You can check the presence of some of these packages using the command
``jupyter nbextension list``.

 - For the Sage interacts, you will need the package
   ``widgetsnbextension`` installed in the Python environment of the
   Jupyter installation.  If your Jupyter installation is coming from
   the system package manager, it is best to install
   ``widgetsnbextension`` in the same way.  Otherwise, install it
   using ``pip``.

   To verify that interacts work correctly, you can evaluate the following code
   in the notebook::

     @interact
     def _(k=slider(vmin=-1.0, vmax= 3.0, step_size=0.1, default=0), auto_update=True):
     plot([lambda u:u^2-1, lambda u:u+k], (-2,2),
          ymin=-1, ymax=3, fill={1:[0]}, fillalpha=0.5).show()

 - For 3D graphics using Three.js, by default, internet connectivity
   is needed, as SageMath's custom build of the Javascript package
   Three.js is retrieved from a content delivery network.

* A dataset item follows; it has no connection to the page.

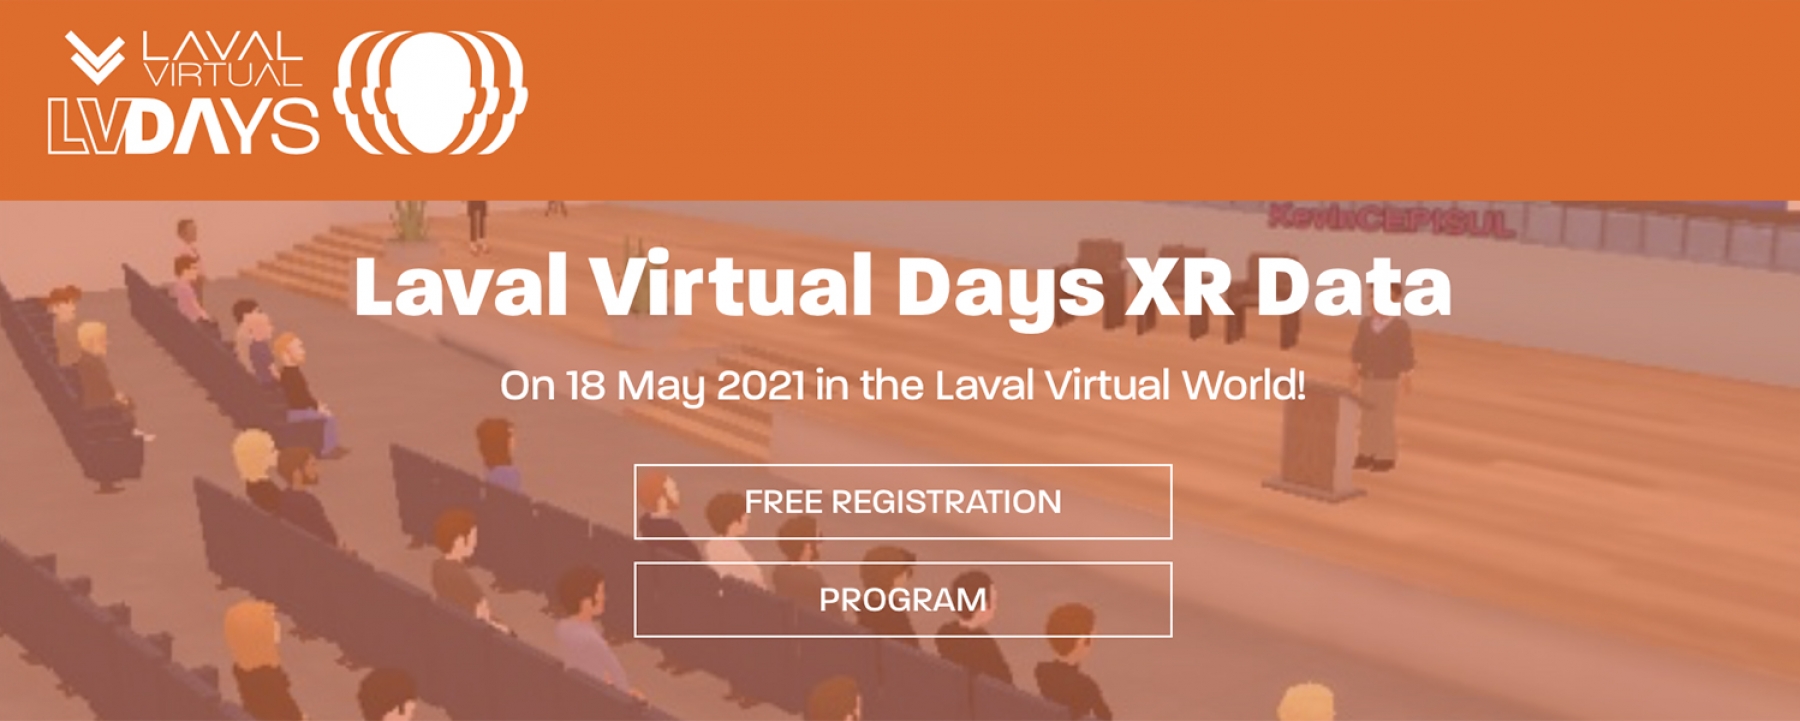 Laval Virtual Days XR Data, organisé par Laval Virtual le 18 mai

   To verify that online 3D graphics with Three.js works correctly,
   you can evaluate the following code in the notebook::

     plot3d(lambda u,v:(u^2+v^2)/4-2,(-2,2),(-2,2)).show()

   However, it is possible to configure graphics with Three.js for
   offline use.  In this case, the Three.js installation from the Sage
   distribution needs to be made available in the environment of the
   Jupyter installation.  This can be done by copying or symlinking.
   The Three.js installation in the environment of the Jupyter
   installation must exactly match the version that comes from the
   Sage distribution.  It is not supported to use several Jupyter
   kernels corresponding to different versions of the Sage distribution.

   To verify that offline 3D graphics with Three.js works correctly,
   you can evaluate the following code in the notebook::

     plot3d(lambda u,v:(u^2+v^2)/4-2,(-2,2),(-2,2), online=False).show()

 - For 3D graphics using jsmol, you will need the package
   ``jupyter-jsmol`` installed in the Python environment of the
   Jupyter installation. You can install it using ``pip``.
   (Alternatively, you can copy or symlink it.)

   To verify that jsmol graphics work correctly, you can evaluate the
   following code in the notebook::

     plot3d(lambda u,v:(u^2+v^2)/4-2,(-2,2),(-2,2)).show(viewer="jmol")

Using Jupyter notebook through Visual Studio Code (VS Code) in WSL
""""""""""""""""""""""""""""""""""""""""""""""""""""""""""""""""""

If you have installed Sage on Windows using Windows Subsystem for
Linux (WSL), it is convenient to use Visual Studio Code (VS Code)
to interact with Sage.

Here are steps to use SageMath in a Jupyter notebook in VS Code:

* Install and run `VS Code <https://code.visualstudio.com/download>`_
  in Windows.

* Click the "Extension" icon on the left (or press :kbd:`Ctrl` +
  :kbd:`Shift` + :kbd:`X`) to open a list of extensions. Install the
  "Remote - WSL" and "Jupyter" extensions.

* In the command palette (:kbd:`Ctrl` + :kbd:`Shift` + :kbd:`P`),
  enter "Remote-WSL: New Window", and hit :kbd:`Enter`.

* In the command palette, enter "Create: New Jupyter Notebook", and
  hit :kbd:`Enter`.

* Click "Select Kernel" on the right (or press :kbd:`Ctrl` +
  :kbd:`Alt` + :kbd:`Enter`), select SageMath, and hit :kbd:`Enter`.